このマシンは、技術規則の自由度が高く、メーカーがエンジニアリングの限界を追求したラリー史上最も過激なカテゴリー「グループB」で戦うために専用開発された。「S4」の名称は、「S」がスーパーチャージャー、「4」が四輪駆動を意味する。
シャシーは鋼管スペースフレーム構造で、ボディにはケブラーとカーボンファイバーのハニカムパネルを採用し、車重はわずか966kgに抑えられた。ミッドシップに搭載された1759ccのDOHC 4気筒エンジンは、ターボチャージャーとスーパーチャージャーを組み合わせたツインチャージ方式を採用。これにより、約500psの最高出力を発揮し、最高速度は250km/hに達した。
その高い競争力で、デルタS4は1986年にイタリア選手権とヨーロッパ選手権を制覇したほか、モンテカルロ、コスタ・スメラルダなど約15のラリーで勝利を記録している。その圧倒的な強さ、と言うより怪物ぶりが、グループBというカテゴリーを終わらせることにさえ繋がったのだが、それについてはここでは触れずにおこう。デルタS4はそのパワーとピーキーさから、あまりに危険な車両でもあったのだ。
現在、オリジナルのデルタS4のうちの1台が、トリノにあるヘリテージ・ハブで保存・展示されている。この施設は一般公開されているもので、ステランティス傘下のイタリアン・ブランドの企業コレクションを収蔵。この希少な1台は、「ラリー・エラ」エリアでの展示となっている。

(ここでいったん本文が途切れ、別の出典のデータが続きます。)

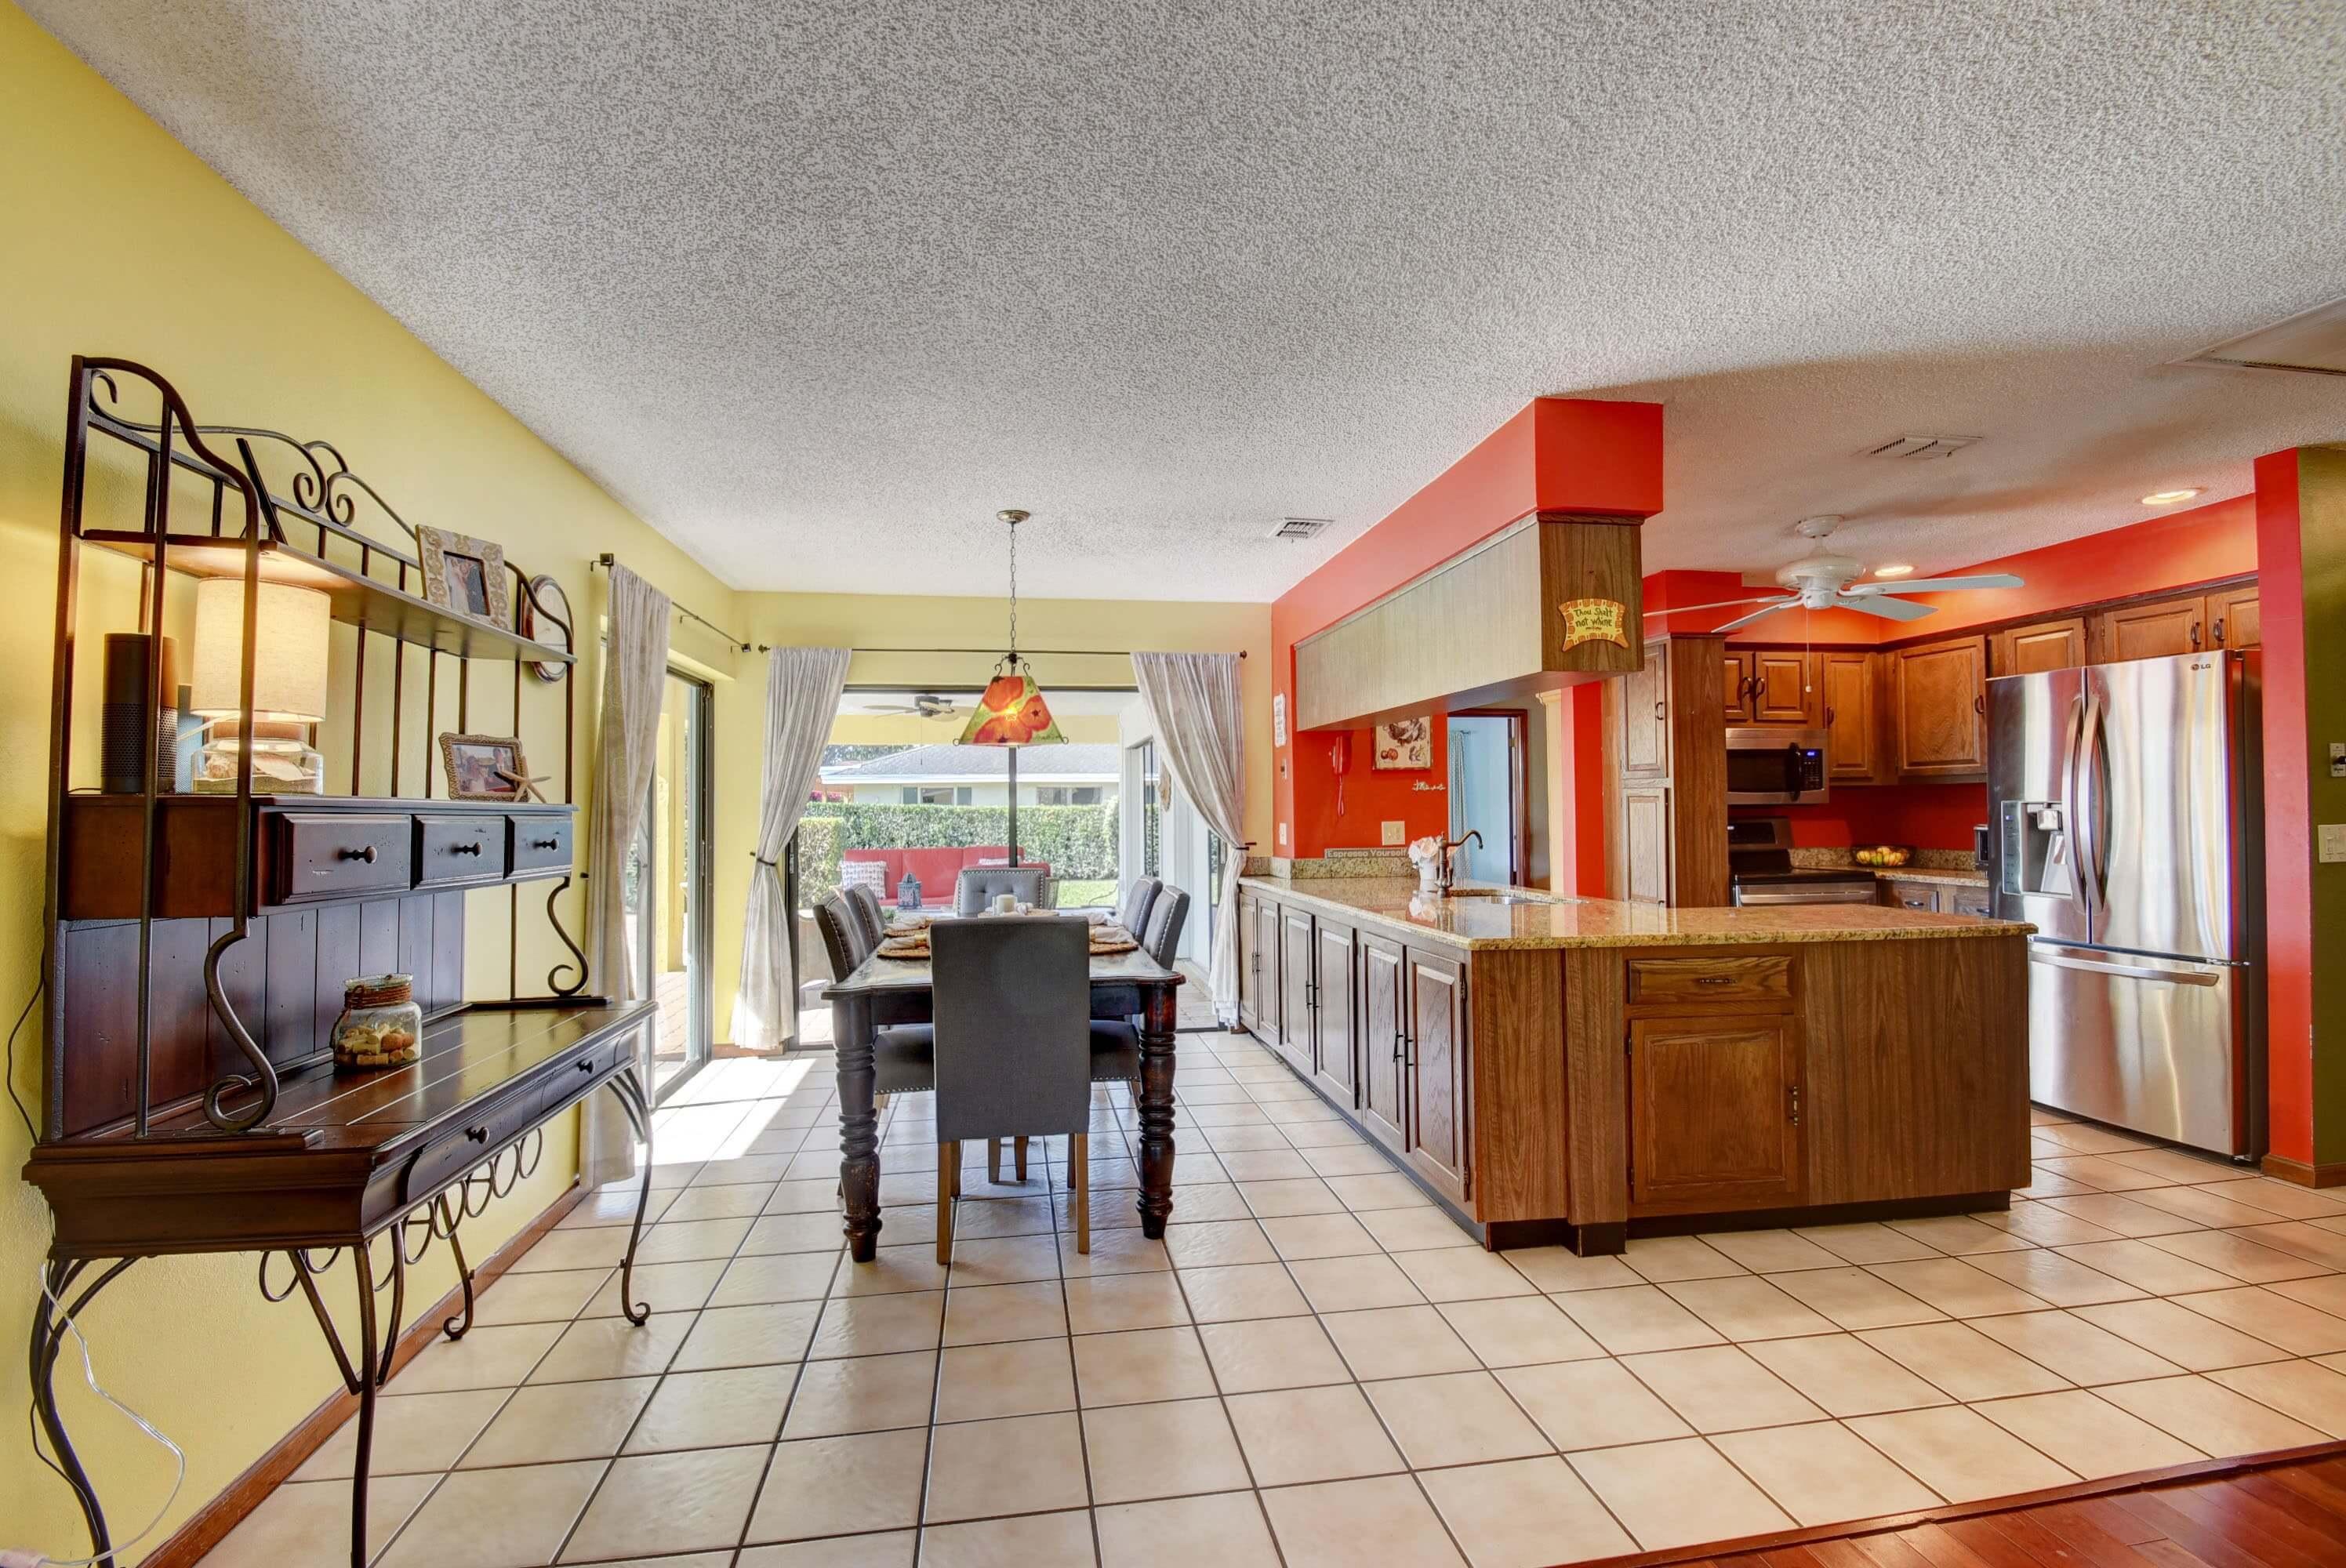 1654 The 12th Fairway Wellington FL Home for Sale

このエリアは、ランチアをラリー史上最大の勝利に導いたモデルに特化されている。ランチアはWRCのコンストラクターズ・タイトルを10回、世界耐久選手権のコンストラクターズ・タイトルを3回獲得し、ミッレミリアで1回、タルガ・フローリオで2回、カレラ・パナメリカーナで1回の勝利を収めた。
デルタS4は、間違いなくその時代で最も技術的な驚異に満ちたラリーカーであり、リソースがほぼ無尽蔵で、行き過ぎた時代に生まれた車両である。つまり、このグループBの「怪物」は、ランチアの大胆さを最も純粋に表現したものとも言える。
またヘリテージ・ハブには、希少なランチア・デルタS4ストラダーレも展示中だ。1985年から1986年にかけてランチアは、FIAホモロゲーション取得のための最低生産台数を満たすことを目的に、この車の「ストラダーレ(公道仕様)」を200台製造したのである。
新時代へ:イプシロン・ラリー4 HFの登場
デルタS4の大胆なアプローチは、ランチアの新たなスポーツ時代の幕開けを告げる「イプシロン・ラリー4 HF」にも受け継がれているという。ラリー4カテゴリーの公認を受けるこのマシンは、プライベーターや若手ドライバーを対象としたものだ。また約1ヶ月前には、より多くのドライバーに競技への門戸を開くために設計された「イプシロンHFレーシング」も発表された。
ランチアは、過去を懐かしむのではなく、モータースポーツにおける正当な地位を取り戻すために復帰すると表明している。かつてのデルタS4と現代のイプシロンは、時代こそ異なれ、限界を超える挑戦という、同じ精神によってつき動かされていると言えるだろう。